Instructions for the task »
Once you find the line with "Best ideas about" in the listing below, set down exactly every line from it through the line with "on Pinterest Now.", but no pictures.

The input »
────
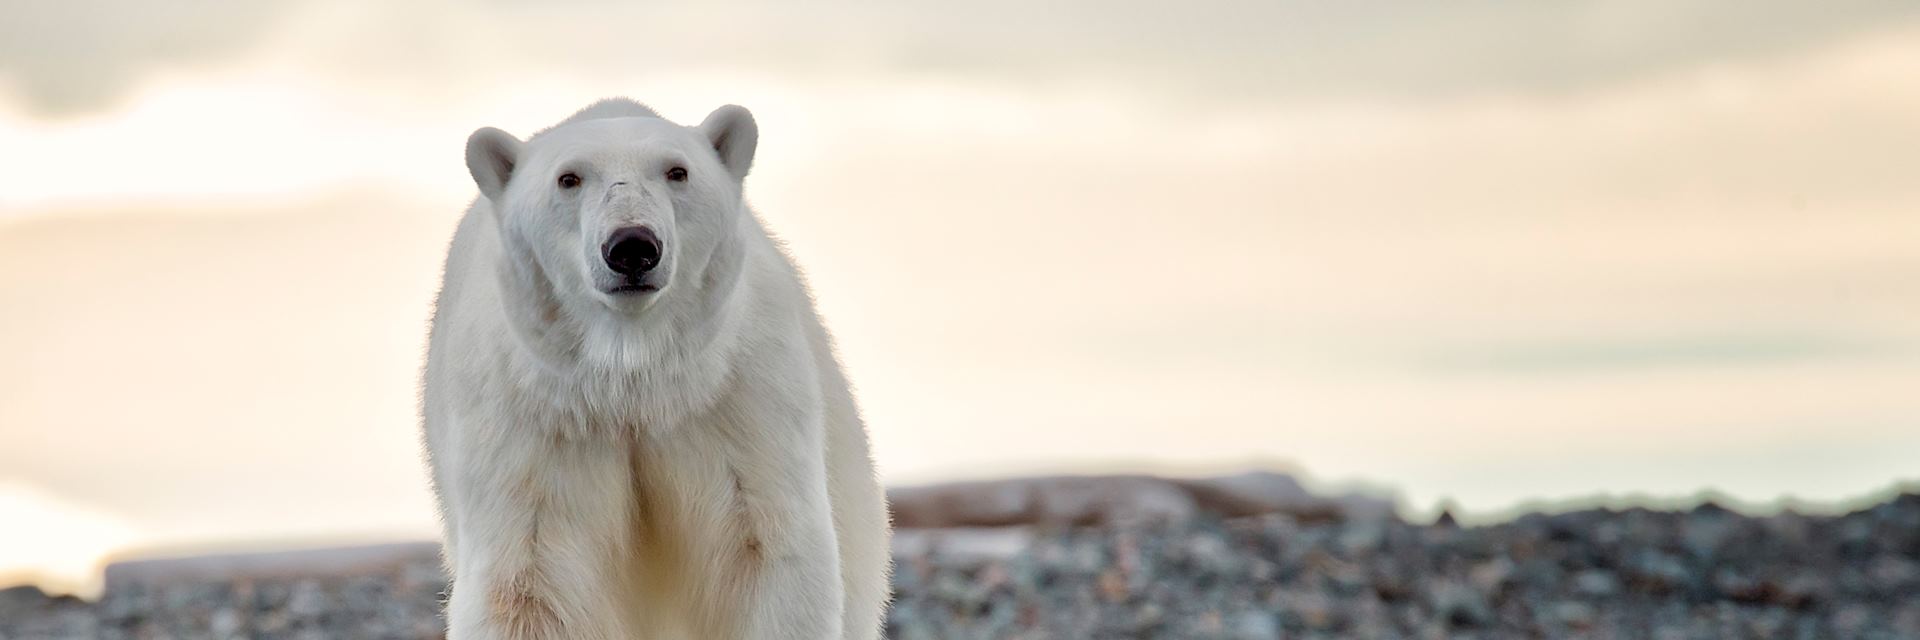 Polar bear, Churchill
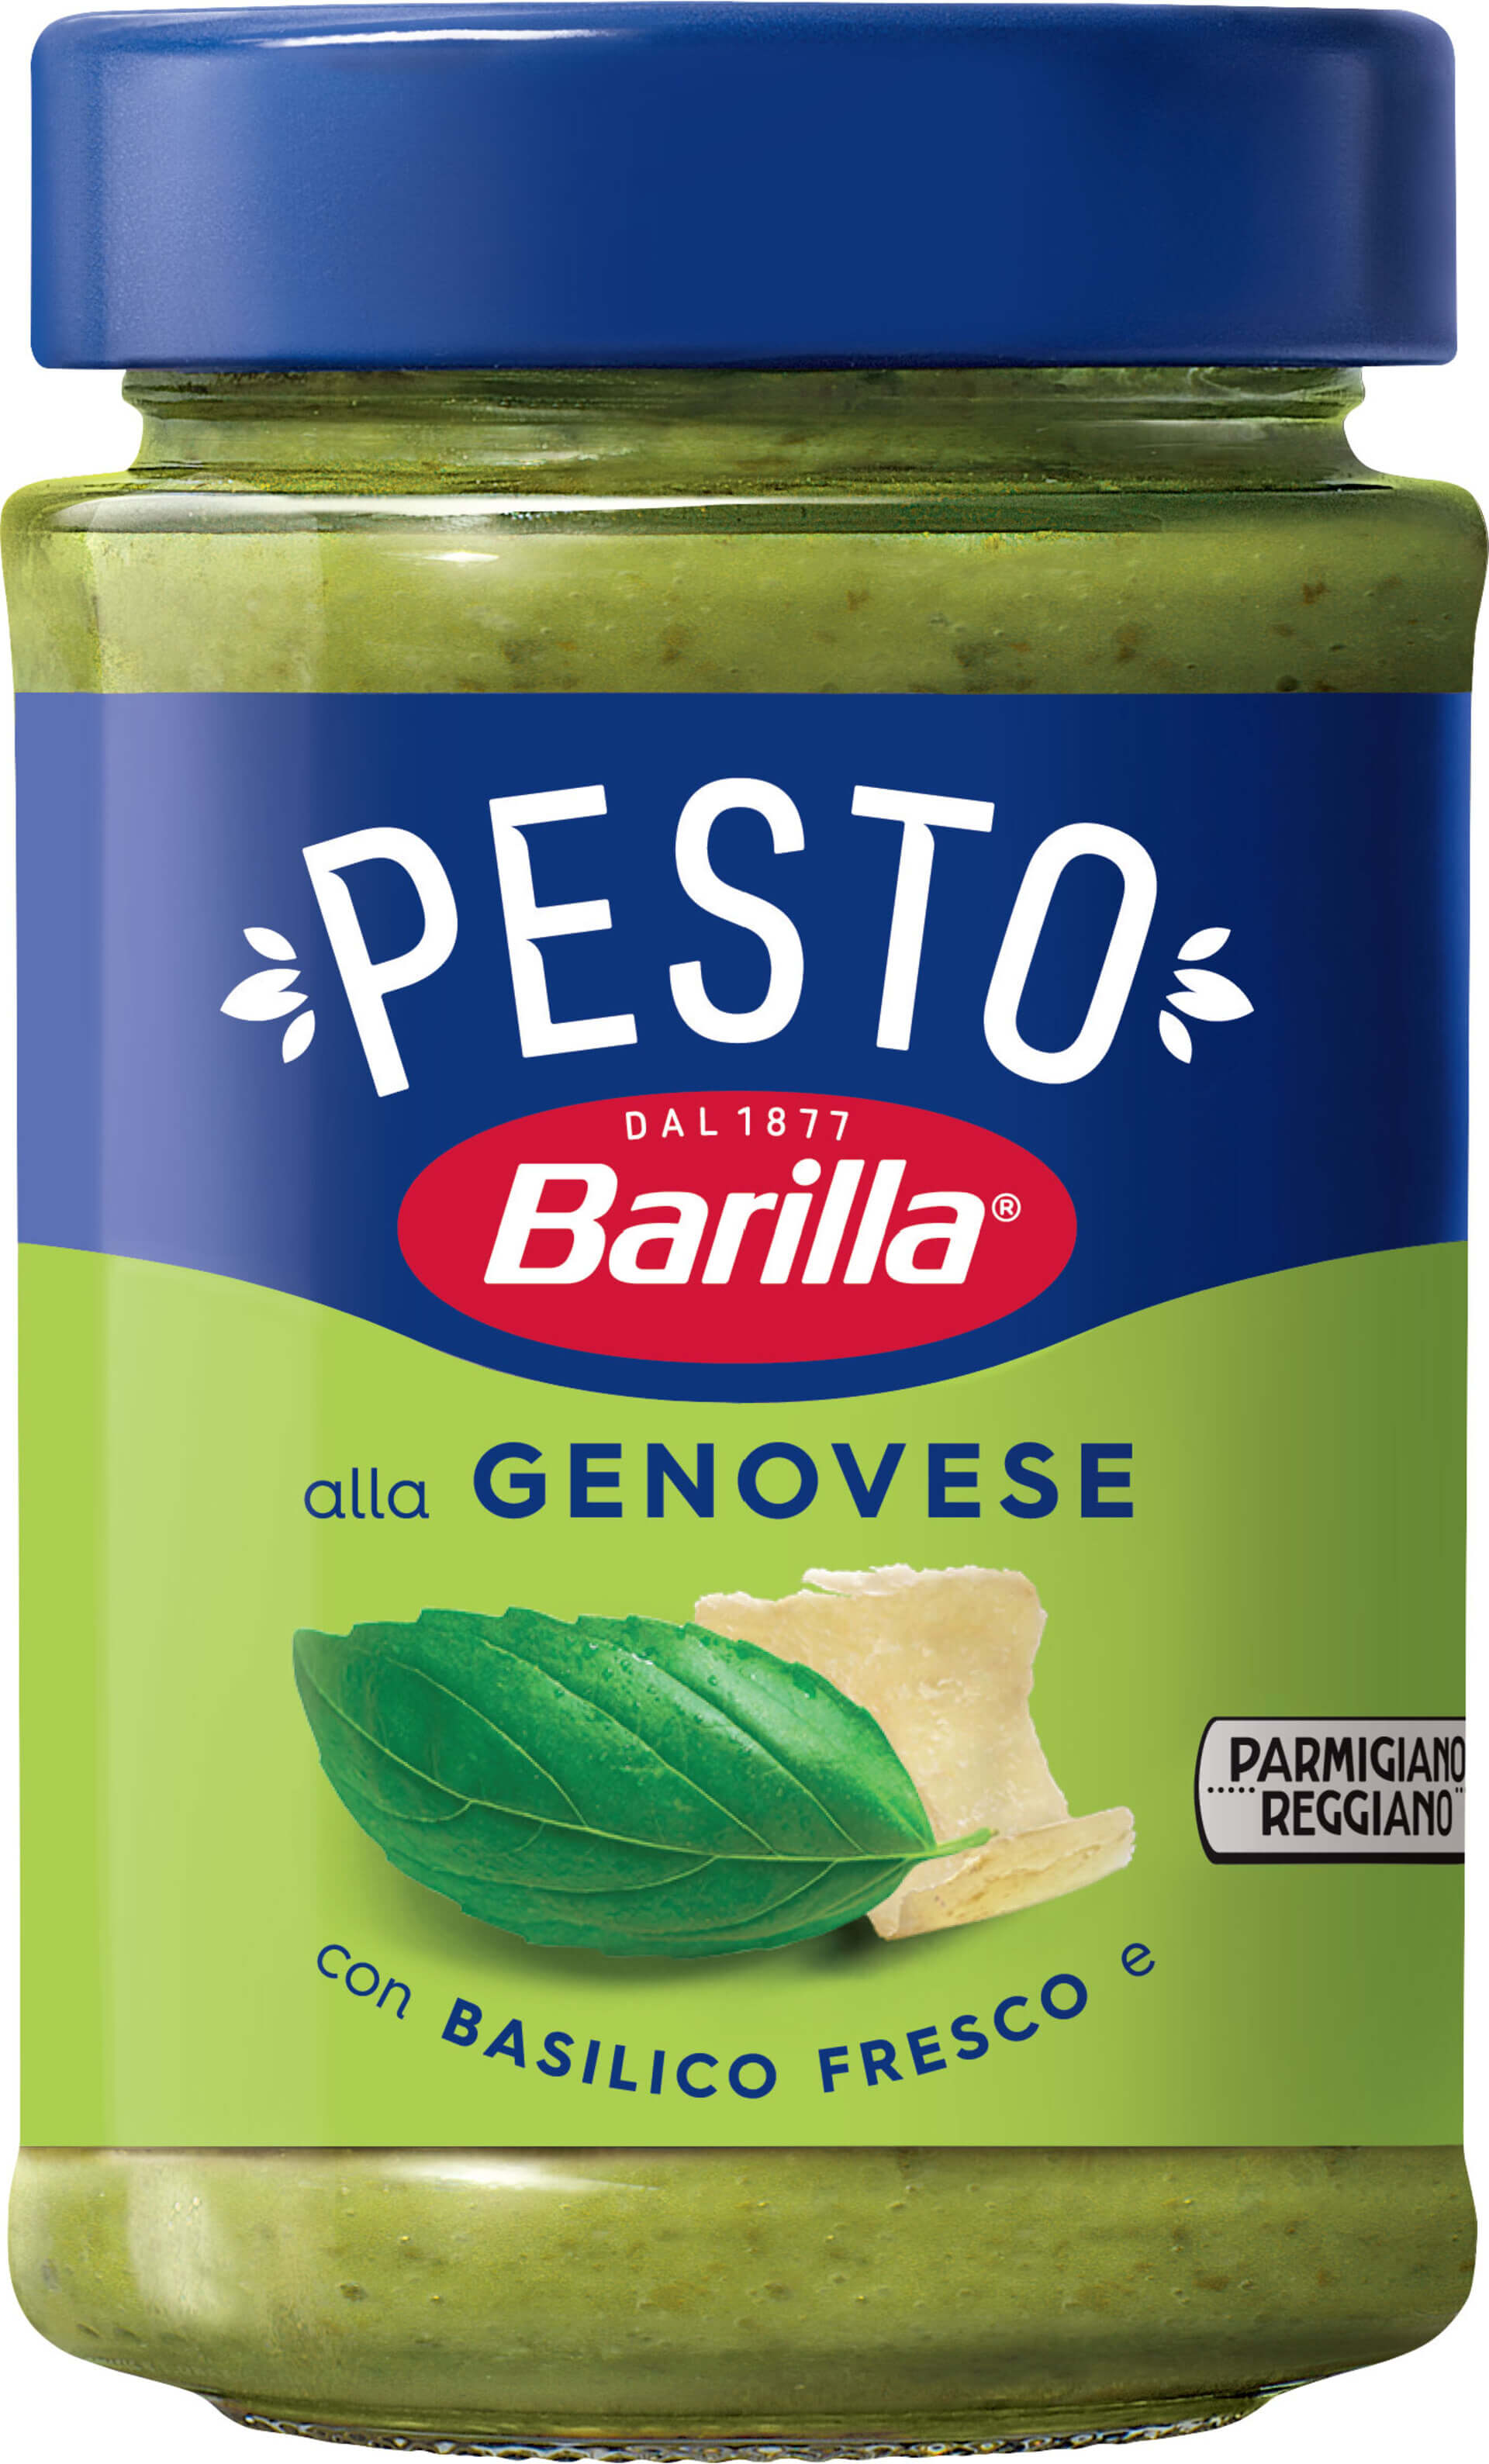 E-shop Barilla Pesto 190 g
────
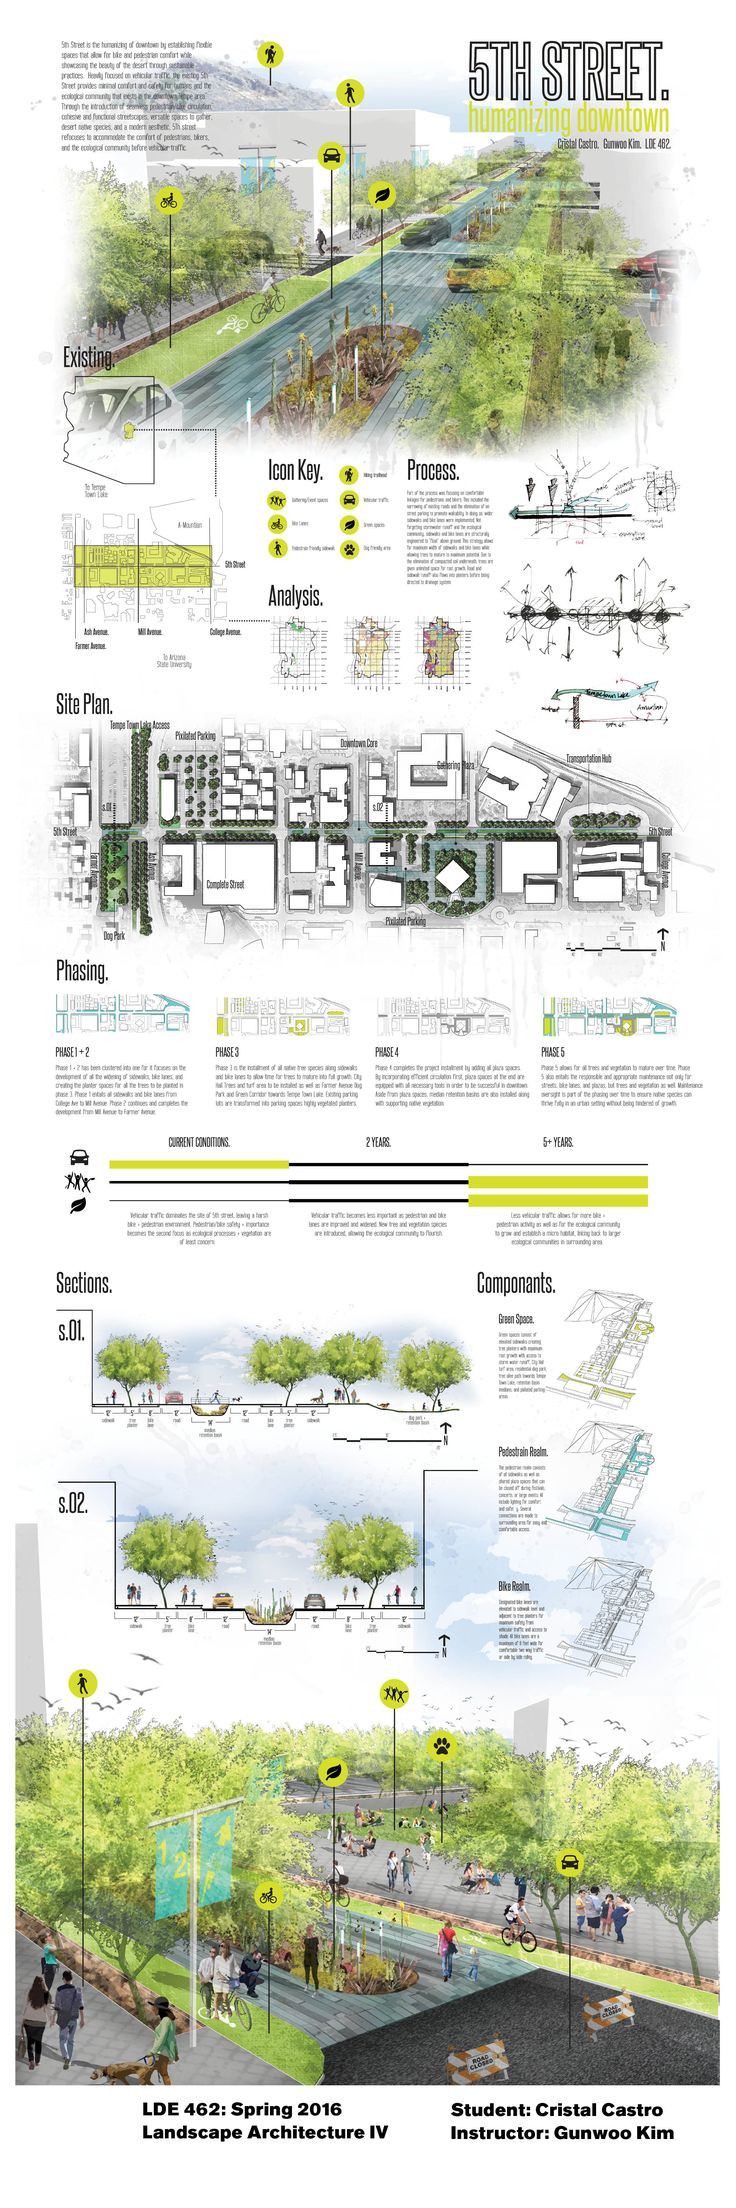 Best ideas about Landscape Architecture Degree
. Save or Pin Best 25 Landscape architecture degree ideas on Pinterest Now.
────
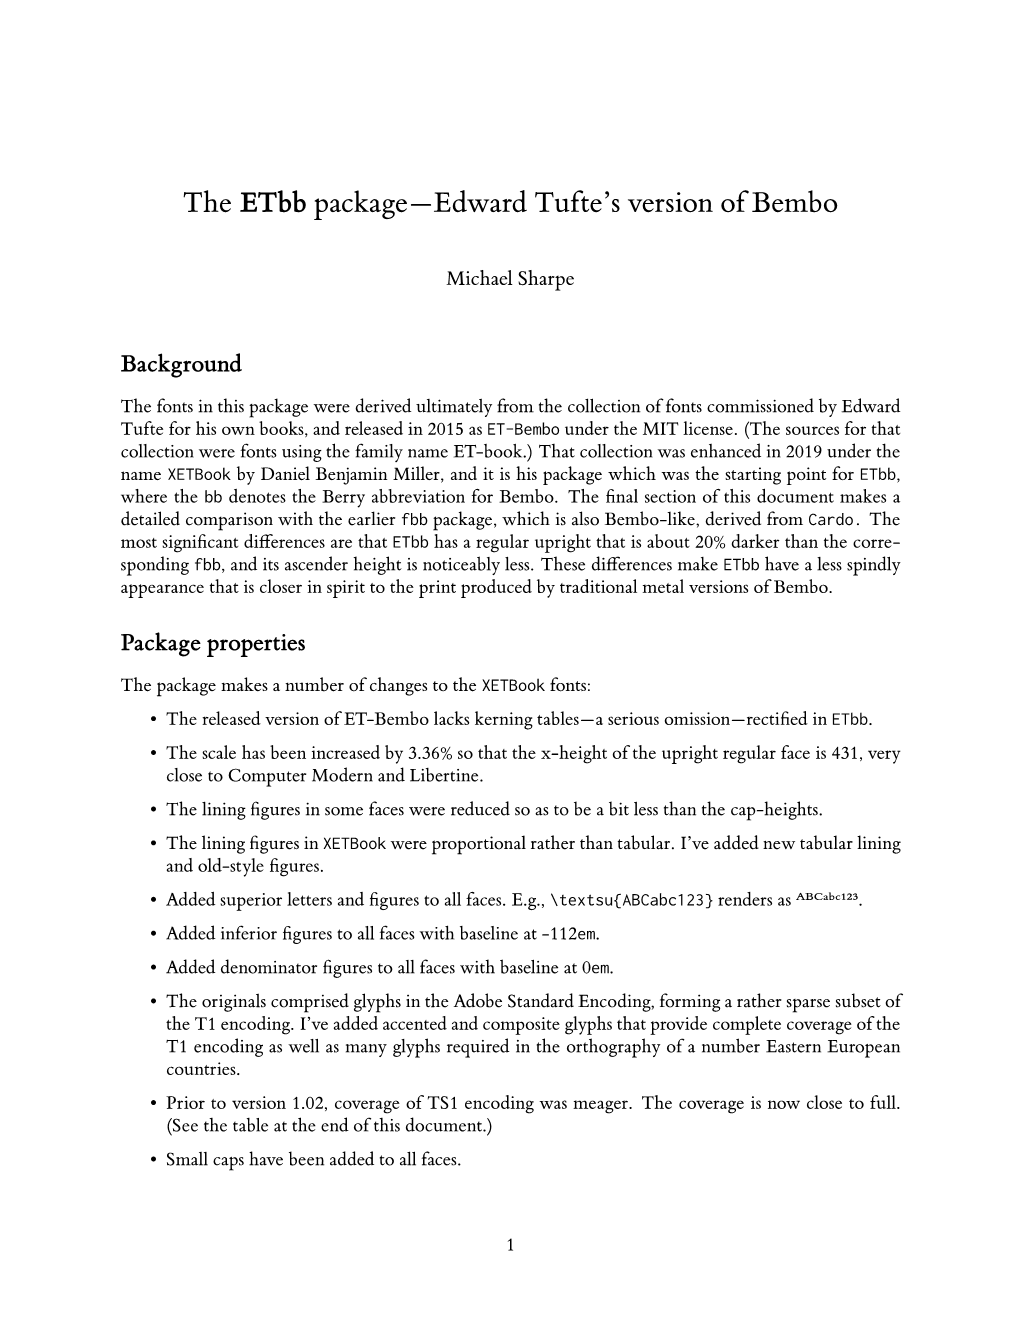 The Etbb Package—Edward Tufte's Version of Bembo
────
Exercise answer »
 Best ideas about Landscape Architecture Degree
. Save or Pin Best 25 Landscape architecture degree ideas on Pinterest Now.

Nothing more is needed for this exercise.